Dataset Usage Guide
GitCode AI Community provides comprehensive dataset management features to help you easily create, share, and use high-quality datasets. This guide will introduce the main operations related to datasets.
Dataset Creation
Create New Dataset
- Login to your GitCode AI account
- Go to “Datasets” > “Create Dataset”
- Fill in dataset information:
- Dataset name
- Description
- Tags
- License type
- Select dataset type:
- Tabular data
- Image data
- Text data
- Audio data
- Video data
- Upload data files
- Set access permissions
- Click “Create” to complete
[Image: Dataset creation page screenshot]
Dataset Configuration
Create a dataset-config.yaml
file to define dataset structure:
dataset-name: my-awesome-dataset
version: 1.0.0
type: image-classification
format:
- jpg
- png
structure:
train: train/
validation: val/
test: test/
labels:
path: labels.csv
format: csv
Dataset Search
Basic Search
- Enter keywords in the search box
- Use filter conditions:
- Data type
- Task type
- License
- Data volume
- Update time
Advanced Search
Supports the following search syntax:
type:image
- Search by data typesize:>1GB
- Search by dataset sizelicense:MIT
- Search by licenselanguage:chinese
- Search by dataset language
Dataset Download
Web Interface Download
- Go to dataset details page
- Click “Download” button
- Select download content:
- Complete dataset
- Partial data
- Sample data
Command Line Download
# Install GitCode CLI
pip install gitcode
# Download complete dataset
gitcode download-dataset username/dataset-name
# Download specific version
gitcode download-dataset username/dataset-name --version v1.0.0
# Download partial data
gitcode download-dataset username/dataset-name --split train
Dataset Usage
Python Code Examples
from gitcode_hub import load_dataset
# Load dataset
dataset = load_dataset("username/dataset-name")
# Get training set
train_data = dataset["train"]
# Data preprocessing
processed_data = dataset.map(preprocess_function)
# Batch processing
for batch in dataset.iter_batches(batch_size=32):
process_batch(batch)
Dataset Version Control
# Load specific version
dataset_v1 = load_dataset("username/dataset-name", version="1.0.0")
# View version history
dataset.version_history()
# Create new version
dataset.create_version("1.1.0", description="Added new samples")
Best Practices
Data Quality Control
- Perform data cleaning
- Check data integrity
- Annotation quality validation
Dataset Documentation
- Detailed data description
- Data collection methods
- Usage restriction descriptions
- Privacy considerations
Version Management
- Semantic versioning
- Update logs
- Change descriptions
Data Security
- Data anonymization
- Access permission control
- Compliance checks
Common Questions
Q: How to handle large datasets? A: You can use streaming loading or chunked download features to avoid loading all data at once.
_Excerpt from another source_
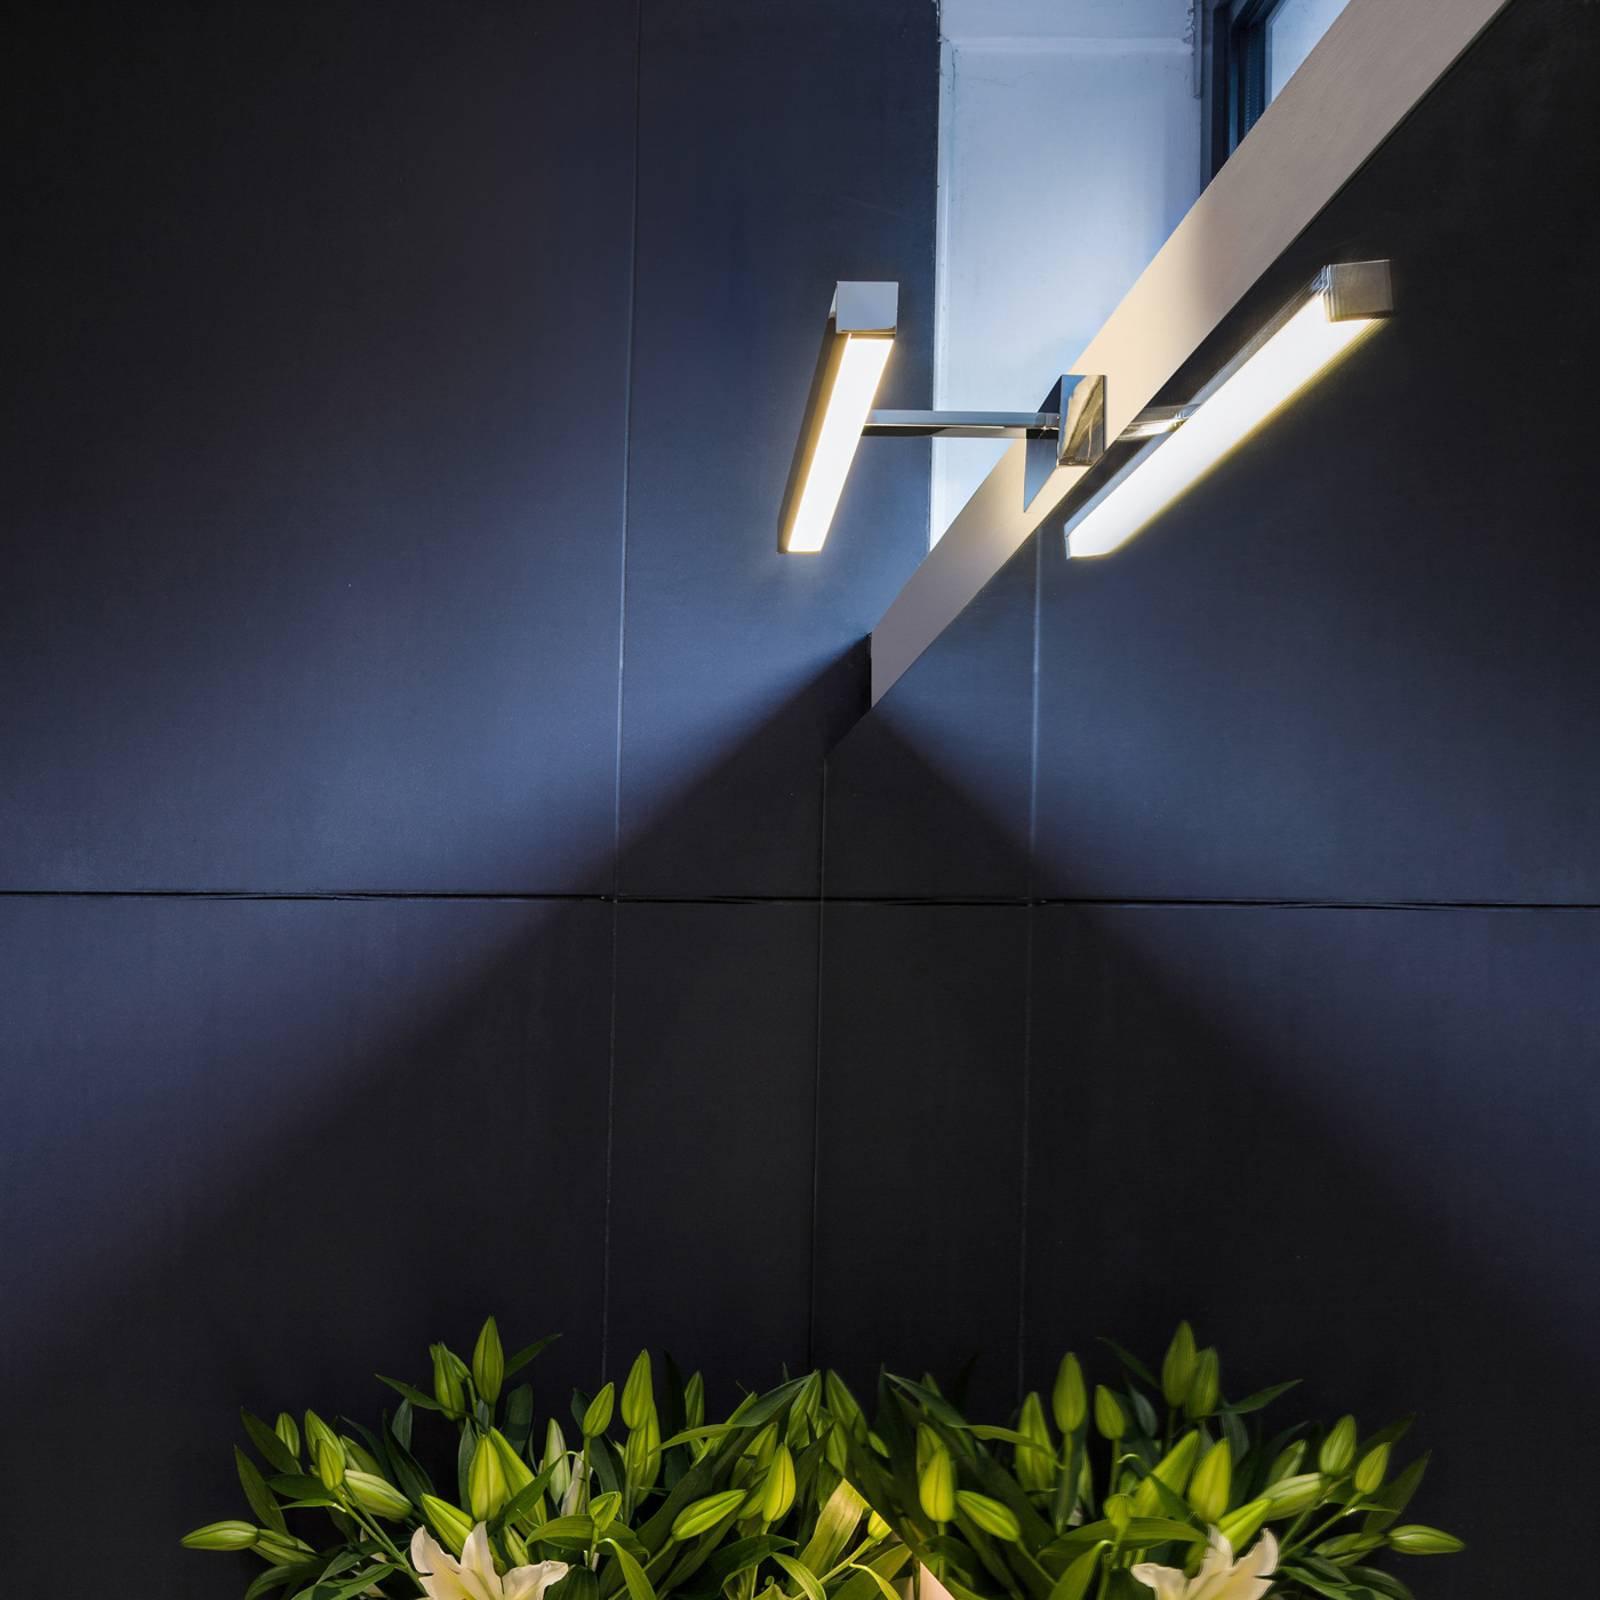 Astro Kashima 350 LED-speillampe, krom, 35 cm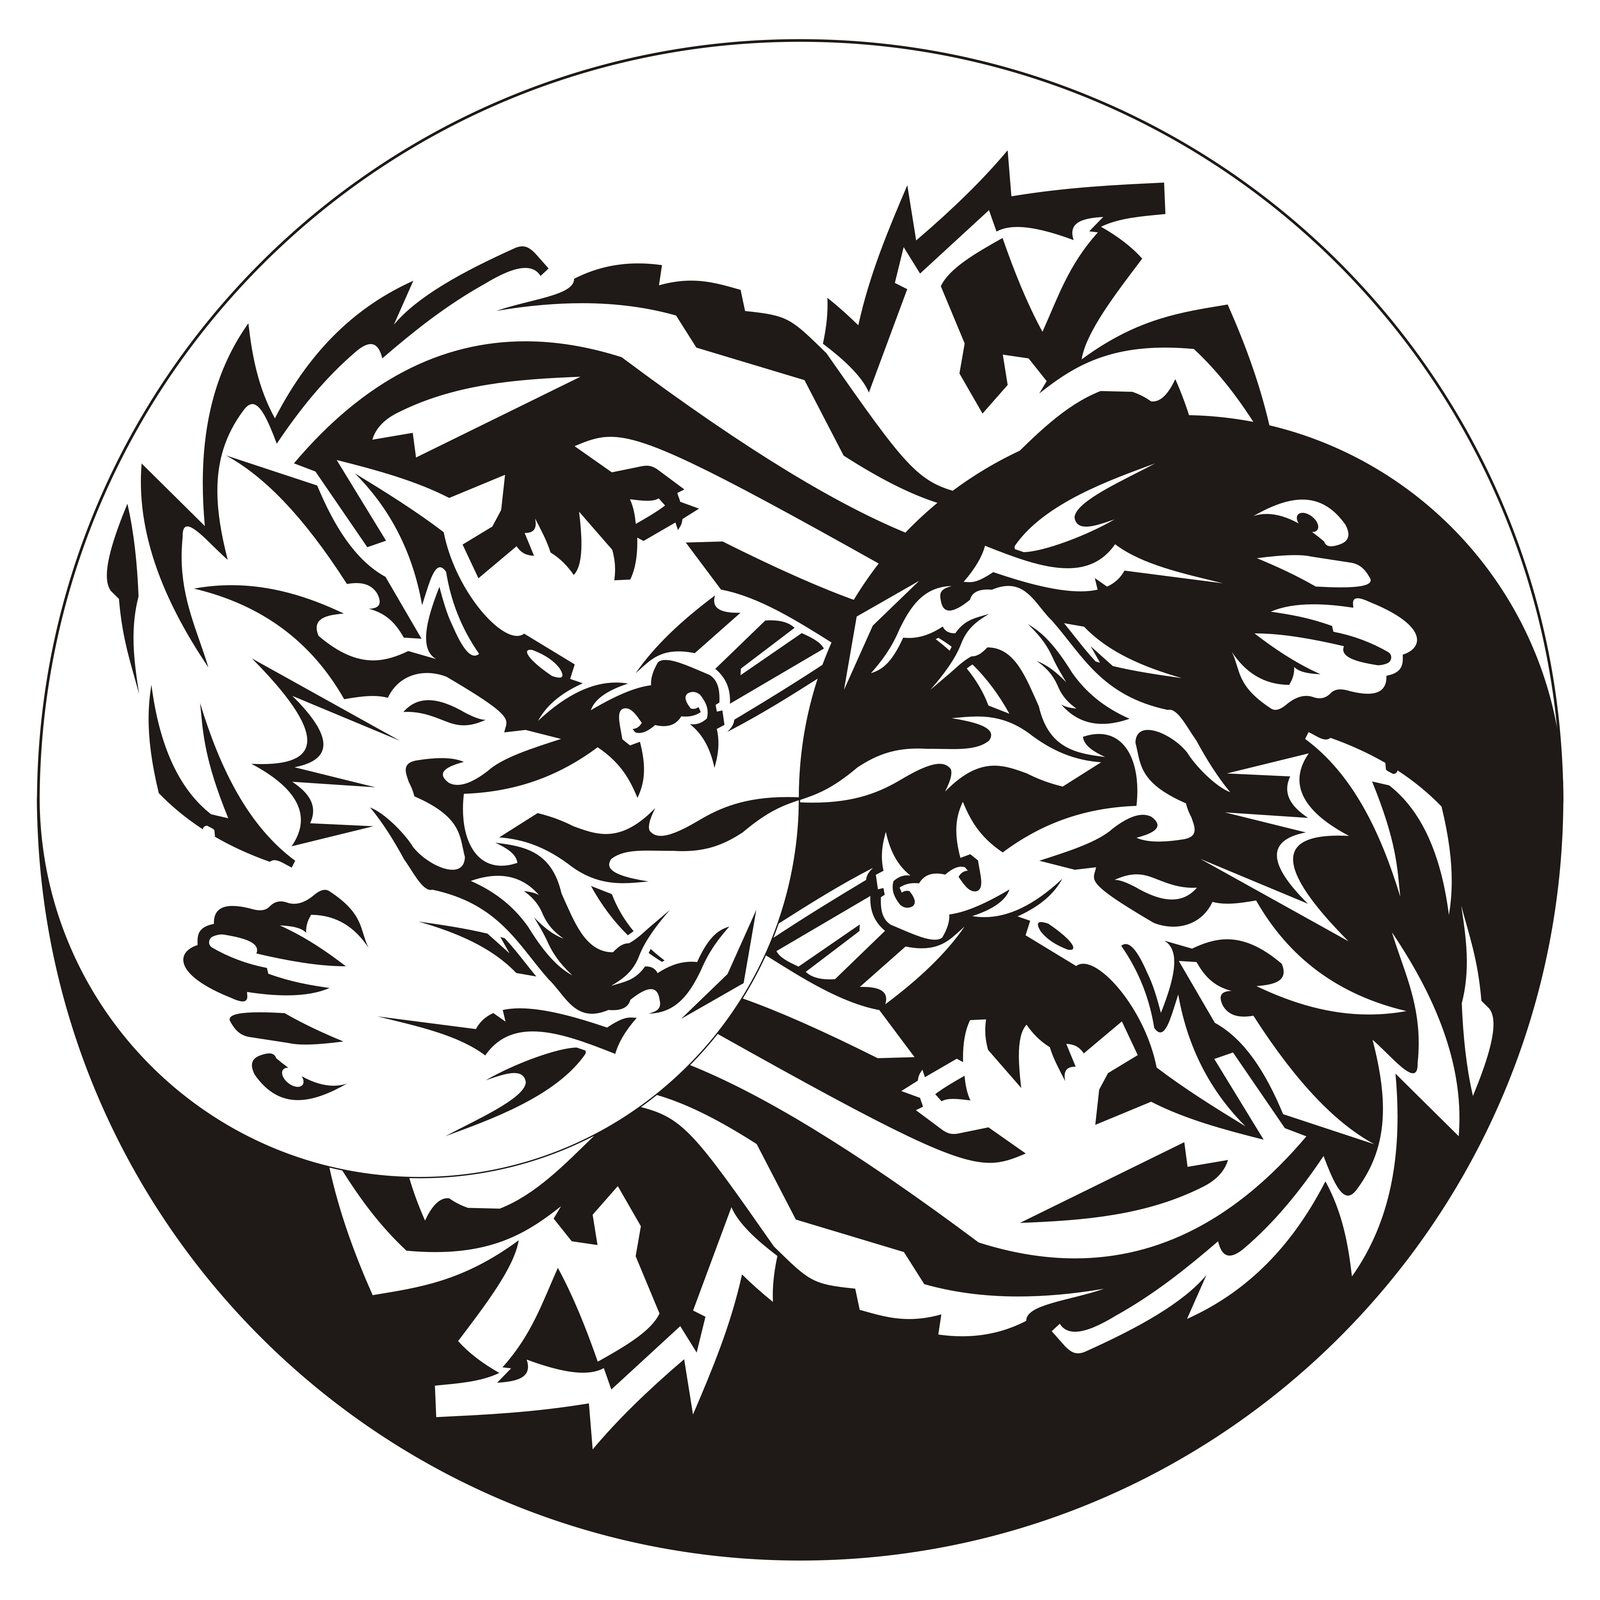 Chinese Ying Yang Tattoo Graphic photo - 1

Q: What data formats are supported? A: Supports common data formats such as CSV, JSON, images, audio, etc. See documentation for details.
Q: How to contribute data? A: You can submit new data through dataset update features, or create dataset branches for collaboration.
Q: What are the storage limits for datasets? A: Free accounts can create datasets up to 10GB, premium accounts have larger storage limits.